The stock market posted strong gains on Wednesday after Federal Reserve chair Jerome Powell made comments about monetary policy that spurred excitement among investors. With the possibility of interest rate increases slowing in the near future, the Nasdaq Composite (^IXIC -0.79%) jumped out to a gain of more than 4%. On Thursday morning, Nasdaq futures held their own, suggesting the index would hang on to its gains from the previous day.

Many investors have looked for signs of a turnaround in the Nasdaq, and one niche in the market that could provide a good gauge of market sentiment is the software-as-a-service (SaaS) industry. SaaS stocks have generally lost considerable ground over the past year, but the most recent financial results from Okta (OKTA -1.17%) and Splunk (SPLK) suggest that there are some bright spots among software companies that could lead the way in a recovery.

Okta secures gains

Shares of Okta jumped 18% in premarket trading on Thursday morning. The provider of identity verification services reported third-quarter financial results for the period ended Oct. 31 that showed continued growth and substantial progress toward profitability.

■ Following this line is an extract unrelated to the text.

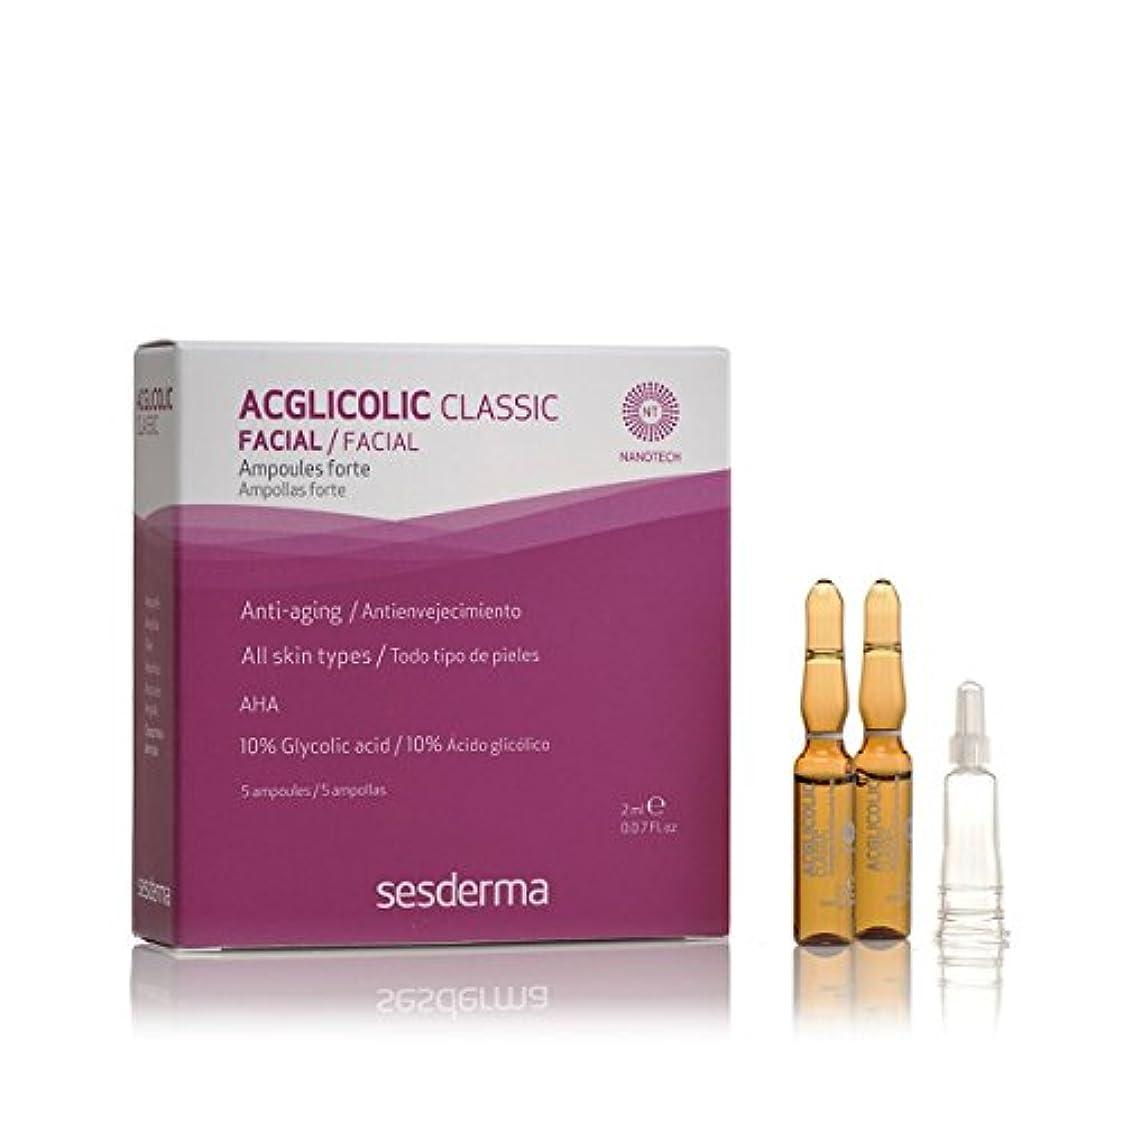 概要うま合併症Sesderma Acglicolic Classic Antiaging Ampoules 5x2ml [並行輸入品]

Okta's revenue for the quarter weighed in at $481 million, up 37% year over year. Subscription backlog as measured by remaining performance obligations climbed 21% to $2.85 billion, of which it expects to recognize more than half in the next 12 months. Calculated billings jumped at an even faster 37% rate to $532 million.

On its bottom line, Okta came close to breaking even, posting an adjusted loss of just $1 million for the period. Given its share count, that loss amounted to just a fraction of a penny per share that was small enough to round to $0.00.

Moreover, Okta sees ongoing progress ahead. For the fourth quarter, the identity verification software provider expects adjusted earnings of $0.09 to $0.10 per share, with revenue climbing 27% to 28% year over year. That would close a year of 41% sales growth for Okta and set the stage for a potential full year of profits in fiscal 2024, which has become increasingly important for investors to see in the current uncertain macroeconomic environment.

Investors like how Splunk is faring

Shares of Splunk were up nearly 9% in premarket trading Thursday morning, adding to gains in the previous day's session. Financial results for the fiscal third quarter ending Oct. 31 confirmed the high growth expectations that shareholders have for the data security and observation platform.

Splunk's revenue grew 40% to $930 million, driven largely by an even stronger 54% gain in sales from its cloud platform. The company posted a dollar-based net retention rate of 127% for its cloud product, showing that customers are not only sticking with the platform, but also spending more on it over time. Moreover, Splunk is drawing in some big spenders, with the number of clients generating annual recurring revenue of $1 million or more rising to more than 750.

Efforts to reduce costs are also paying off for Splunk. The software company actually spent less in operating expenses during the quarter than it did in the year-earlier period, demonstrating the scalability of its platform. That helped it post adjusted earnings of $0.83 per share, reversing a year-ago loss. Moreover, Splunk boosted its guidance for the full year, expecting almost $100 million more in sales with a new range of $3.455 billion to $3.485 billion. The software company also sees its free cash flow improving from cost-reduction measures.

Investors were also pleased that Splunk signed a new five-year strategic collaboration agreement with Amazon Web Services, extending a partnership that has helped give Splunk greater access to Amazon's large customer base. Combined with new leadership at the executive and board of directors levels, Splunk is moving forward in an attractive direction.